- **SOURCE DATA**:
⁂
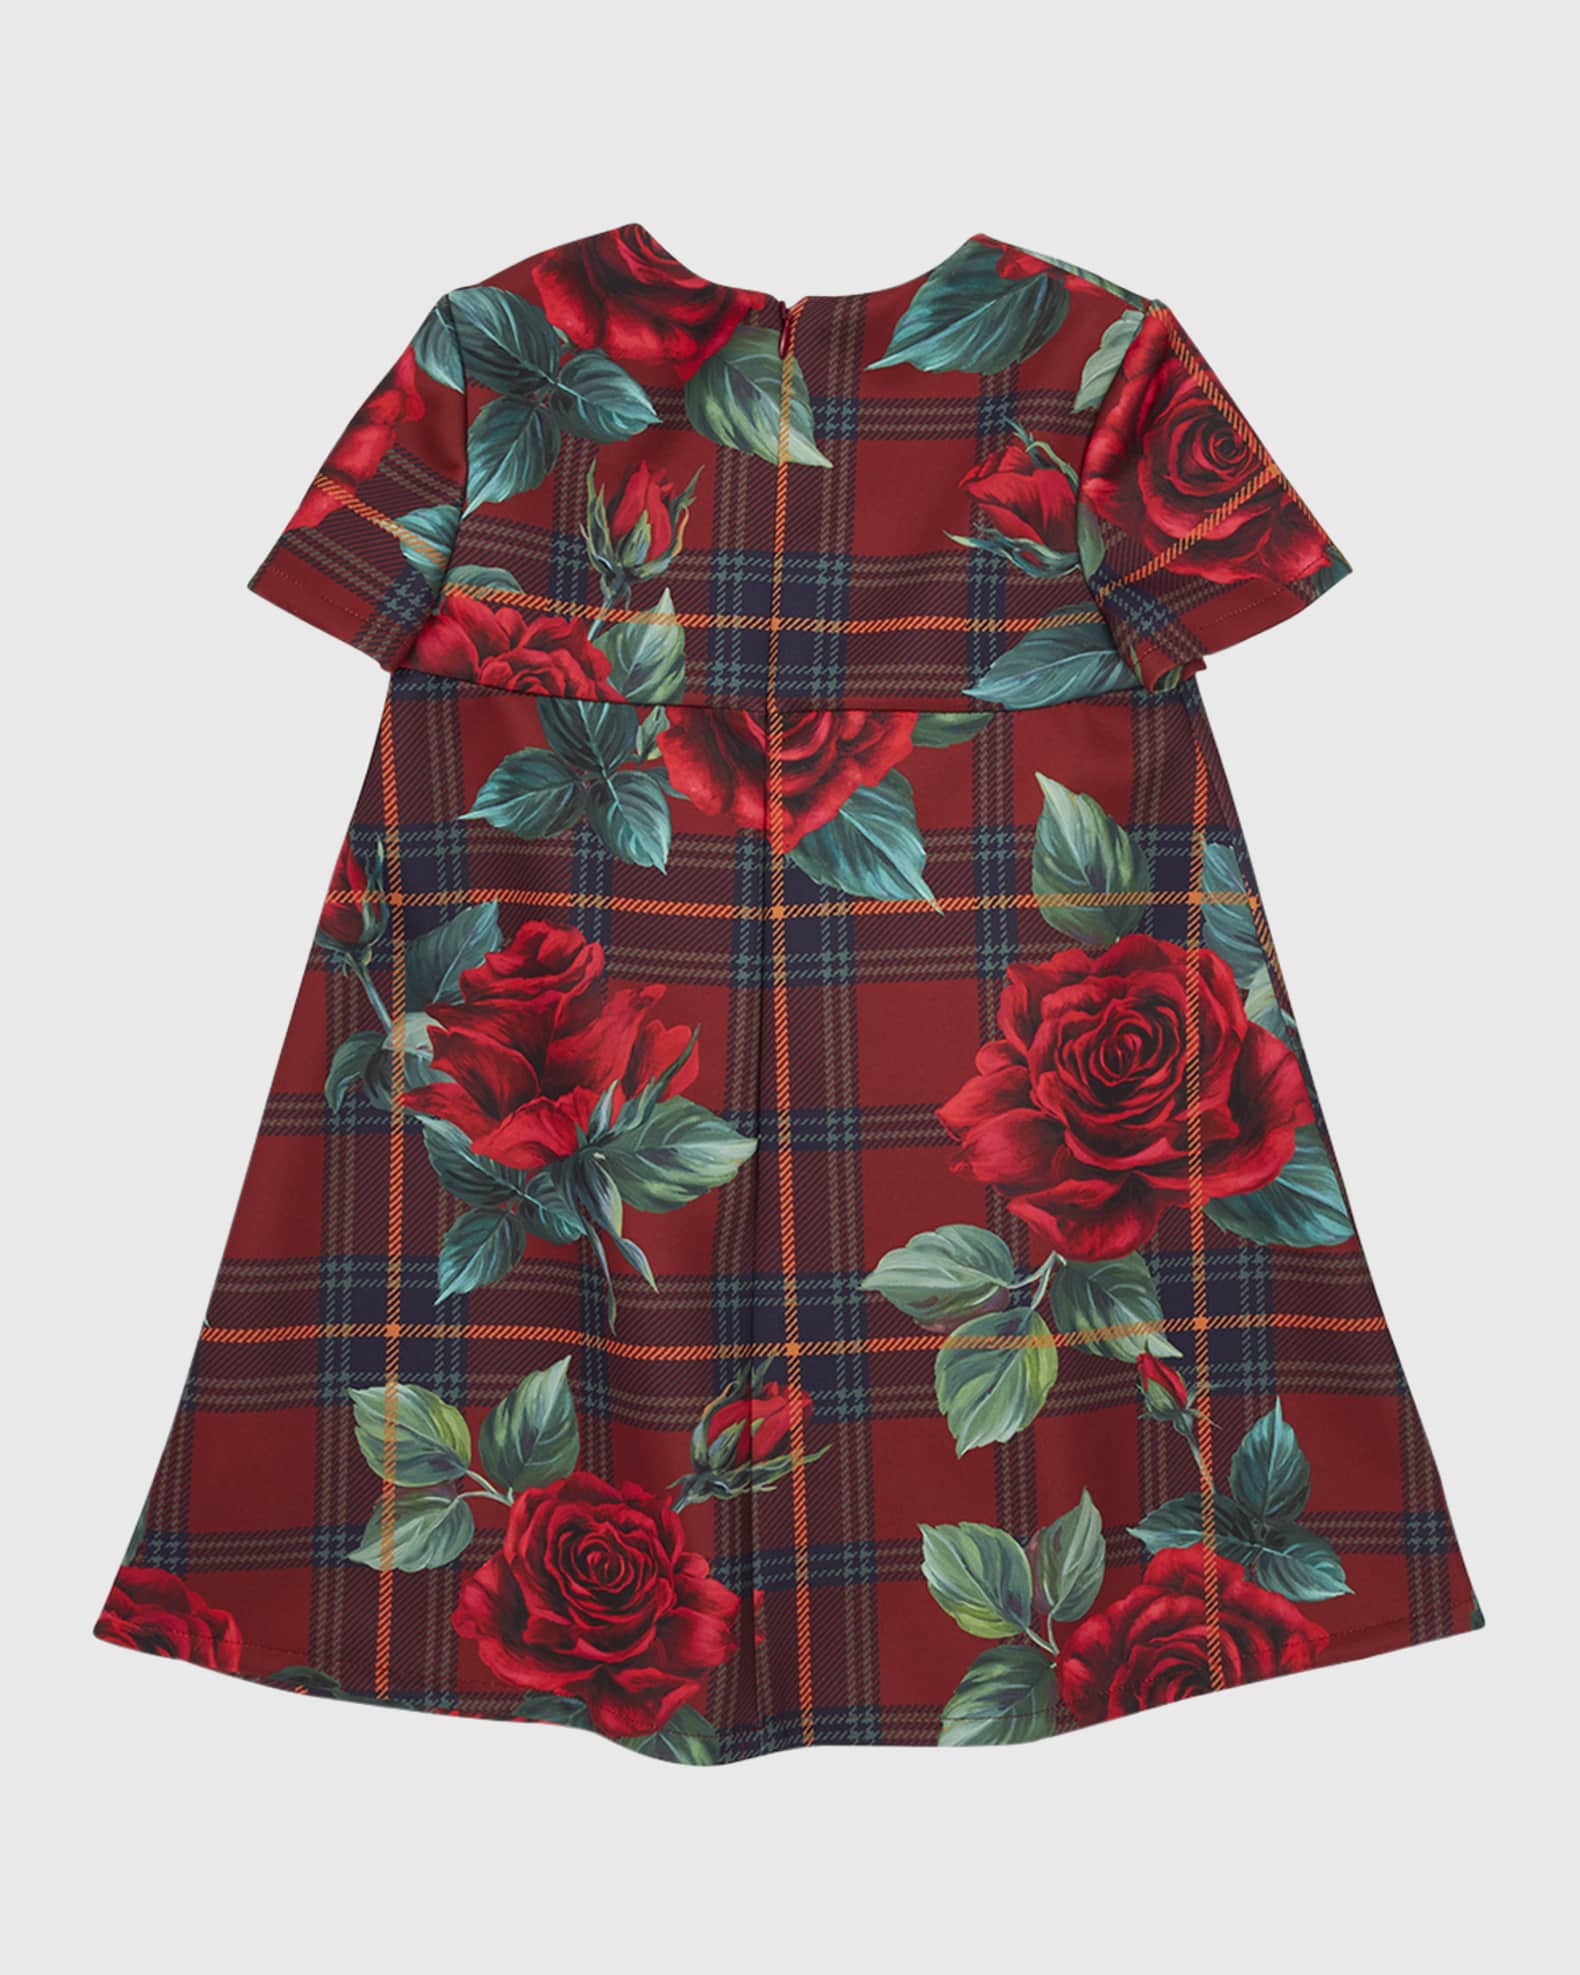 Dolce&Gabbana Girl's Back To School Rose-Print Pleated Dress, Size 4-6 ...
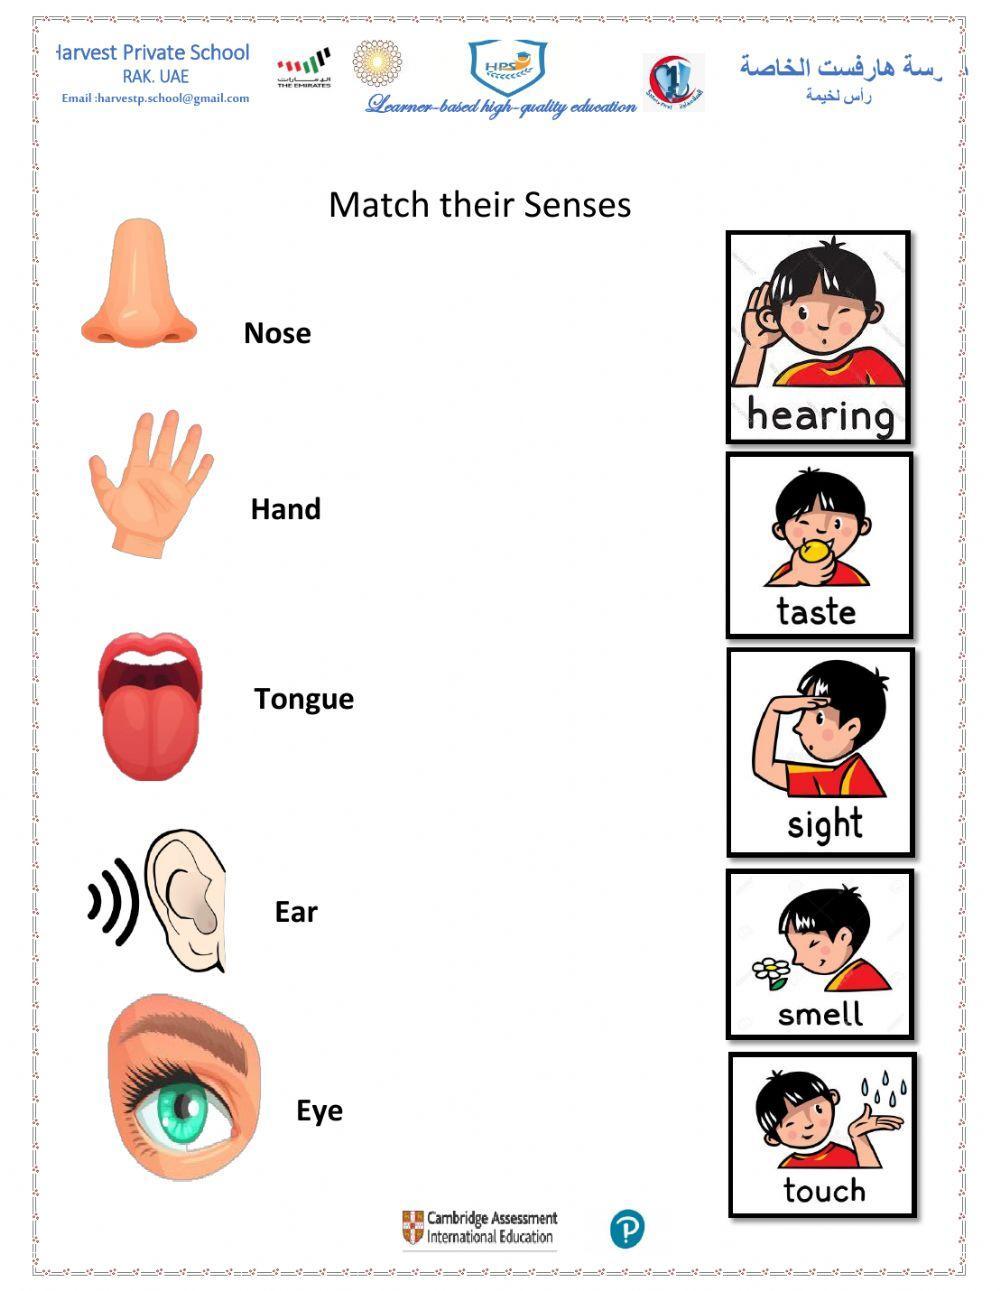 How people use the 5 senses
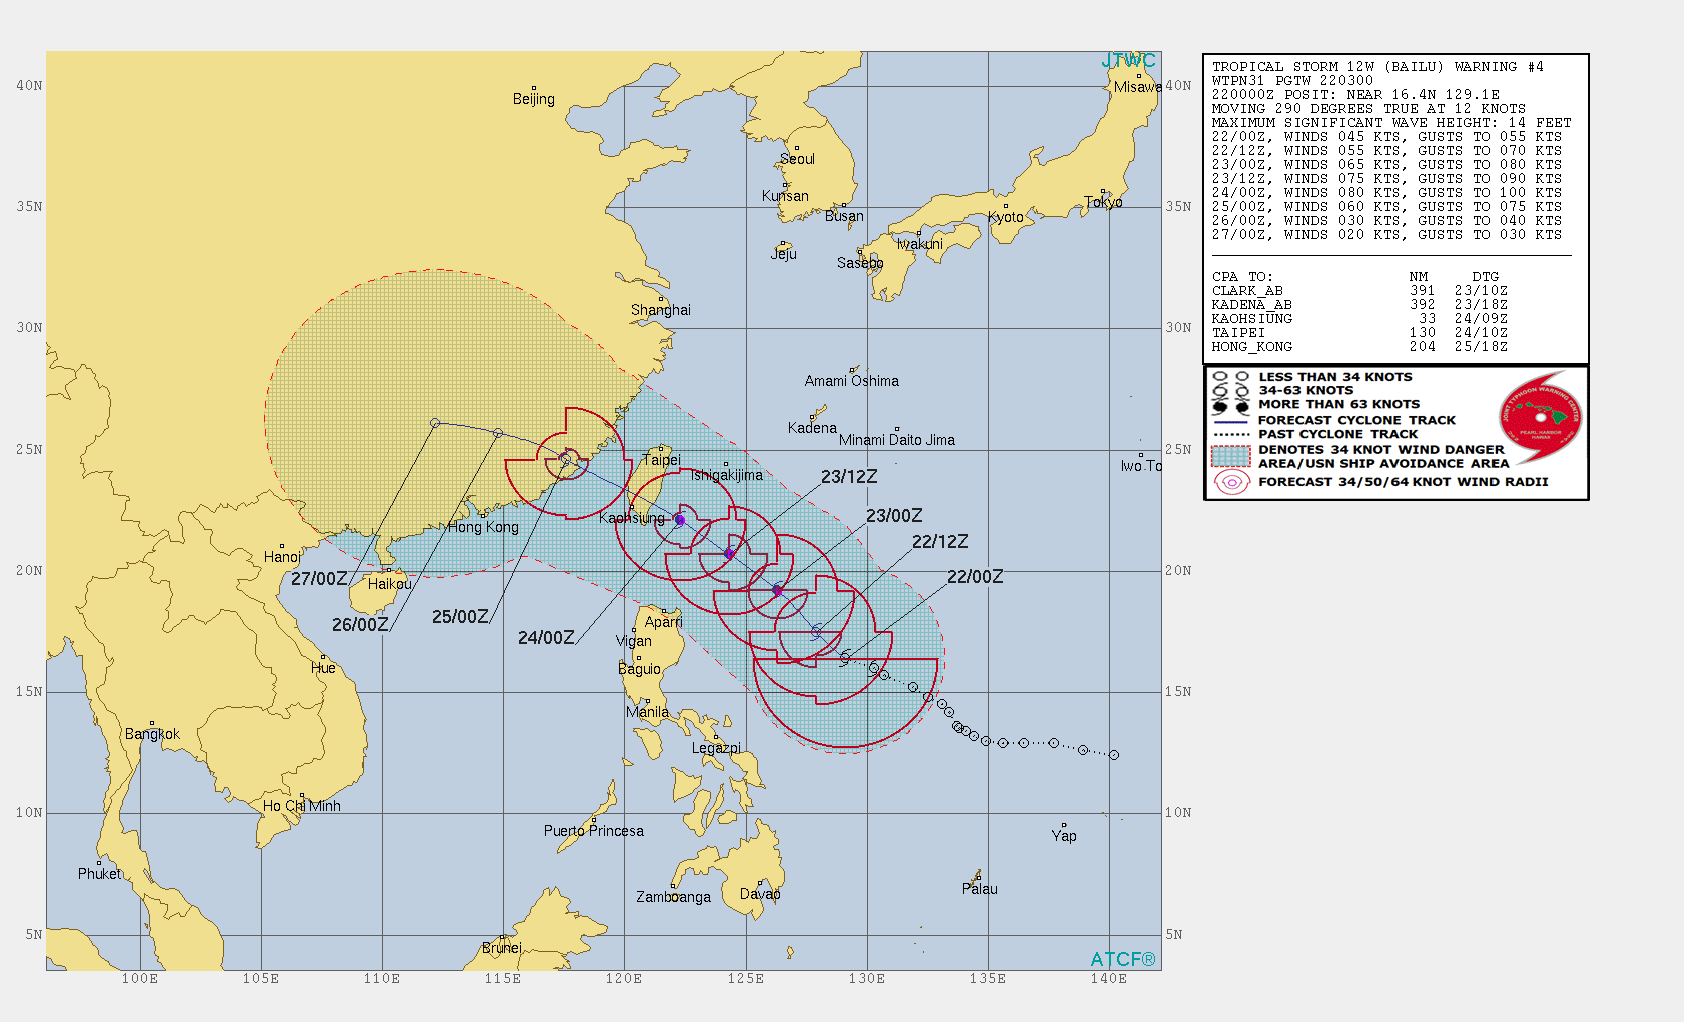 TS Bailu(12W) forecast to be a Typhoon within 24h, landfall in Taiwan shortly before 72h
⁂
- **AIM OF THE EXERCISE**:
Without any pictures, transcribe the listing above exactly as written.

- **YOUR RESPONSE**:
 Dolce&Gabbana Girl's Back To School Rose-Print Pleated Dress, Size 4-6 ...
 How people use the 5 senses
 TS Bailu(12W) forecast to be a Typhoon within 24h, landfall in Taiwan shortly before 72h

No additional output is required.